I really enjoyed studying Sport, Health and Exercise Science. It’s good because I’m an athlete as well and it’s helped me learn a lot of things about aspects like nutrition and how the body works. You can then go into further research, do applied sports science or even take another route and go into something like teaching.
I’m now continuing at Stirling doing an MPhil Sports Studies. Hopefully I will be able to research the effects of dehydration on athletes, specifically considering if body composition has any influence on this.
I love Stirling as it’s a sporting university – there are athletes and people who want to do sport for fun all together. The lecturers are brilliant and have a great knowledge and enthusiasm for their topics which rubs off on you.

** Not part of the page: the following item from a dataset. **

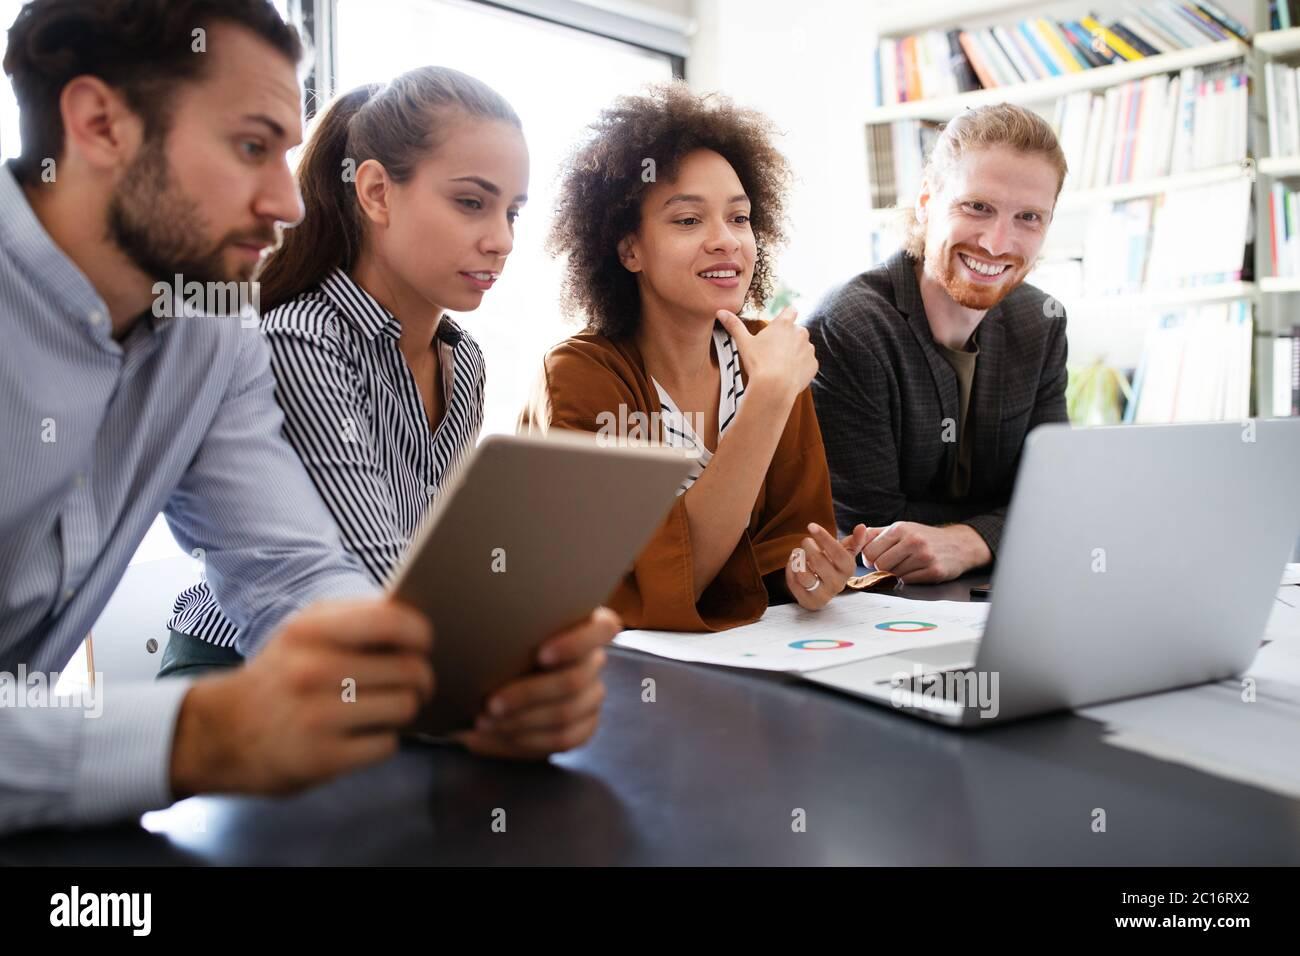 Les programmeurs de coopérer à l'entreprise de technologie de l'information réflexion Banque D'Images

I’ve always found the lab work really interesting and that’s what convinced me to stay on and do further research.
Image ©Scottish FA
Jane Ross BSc (Hons) Sport and Exercise Science, graduated 2011.
Dr Whalley is Director of Learning and Teaching for Biological and Environmental Sciences in the School of Natural Sciences.
He has a BSc Biochemistry and a PhD Cellular Physiology and his main area of expertise is in cell signalling and membrane cell biology.
Careers in the sport sector account for around three percent of all jobs in Scotland according to a recent study by Cambridge Econometrics. This is set to increase even further with major sporting events, including the Glasgow 2014 Commonwealth Games and the Ryder Cup 2014 providing a number of exciting opportunities for well qualified students.
Graduates have gone on to postgraduate study, research, jobs in the sport and leisure sector such as in sports development, sports science support of athletes, health and fitness monitoring, physical activity promotion, and coaching, as well as into the teaching profession and other disciplines such as physiotherapy.
Employers who have benefitted from Stirling graduate expertise include local authorities, commercial and voluntary sport organisations and governing bodies of sport.